3. Collectors Universe (Nasdaq: CLCT)
You would think a tepid economy would completely put the kibosh on collectibles. Collectors Universe says otherwise. That's not to say 2008 and 2009 were easy for the company, but memorabilia-authentication and certification service was just as necessary in bad times as it was in good.
The consistent revenue isn't even the sweet part about owning Collectors Universe shares for the long haul, though. It's the dividend that the smart money is enjoying. Even when the company slipped into the red in 2008, the organization continued to crank up its payout to what's now an amazing 9.0% yield.
4. Genuine Parts Co. (NYSE: GPC)
Since 2007, the auto-parts retailing business has gone from good to great, as the recession forced car owners to maintain their older vehicles rather than trade them in for a new one. Stocks like AutoZone Inc. (NYSE: AZO) and O'Reilly Automotive Inc. (Nasdaq: ORLY) soared on an amazing degree of success. But there was one opportunity that went largely overlooked, because the stores' name and the company's name weren't one and the same -- Genuine Parts Co. You'll know it better as NAPA Auto Parts.
There's nothing particularly special about Genuine Parts Co. in terms of its valuation. The trailing price-to-earnings (P/E) ratio of 16 and the forward-looking P/E of 14 are about even with the industry averages, and the yield of about 3% is just so-so. Where the company shines, however, is in its consistency. Genuine Parts Co. has been increasing its dividend faithfully since the early 1980s, and hasn't missed one yet. Even more impressive is that it could actually afford to do so every time it did.
5. Life Time Fitness (NYSE: LTM)
As is the case with several other great stocks that not enough investors consider buying, Life Time Fitness Inc. is far more recession-proof than it likely ever gets credit for. In fact, revenue is on pace for the 10th straight year of growth for this fitness center operator, from $257 million in 2003 to 2012's projected $1.07 billion. Earnings are also on track for 10 straight years of growth. Just don't look for dividends from Life Time Fitness; this is a pure-growth story, with profits expected to swell another 14% next year.

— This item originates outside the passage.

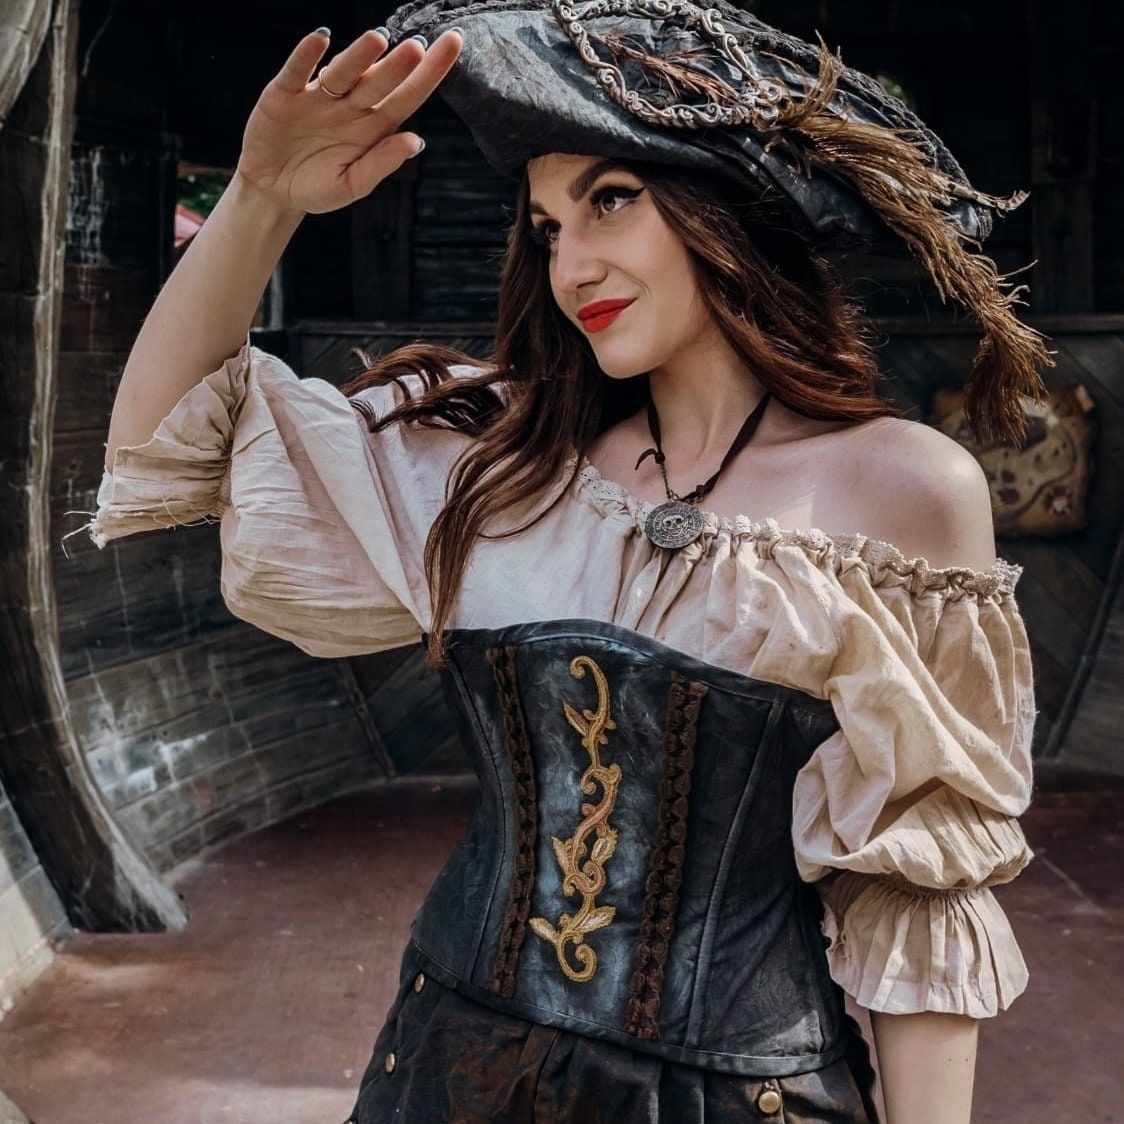 Pirate Costume/pirate Costume/pirate Costume With

Risks to Consider: While they may be off the radar because they're small (and perhaps a little boring), that doesn't mean they're infallible. Any of these stocks can hit the same wall higher-profile companies hit, so you'll still want to keep tabs on their operations.
Action to Take --> It's tough to venture into unfamiliar waters, particularly when the media only seems interested in talking about the market's biggest names. Yet, all too often, the media's favorite stocks are also very crowded trades -- that's why those stocks tend to be so volatile. By venturing off the beaten path with one or more of these five stocks, not only do you have an edge, but you may also reel in some of your portfolio's volatility.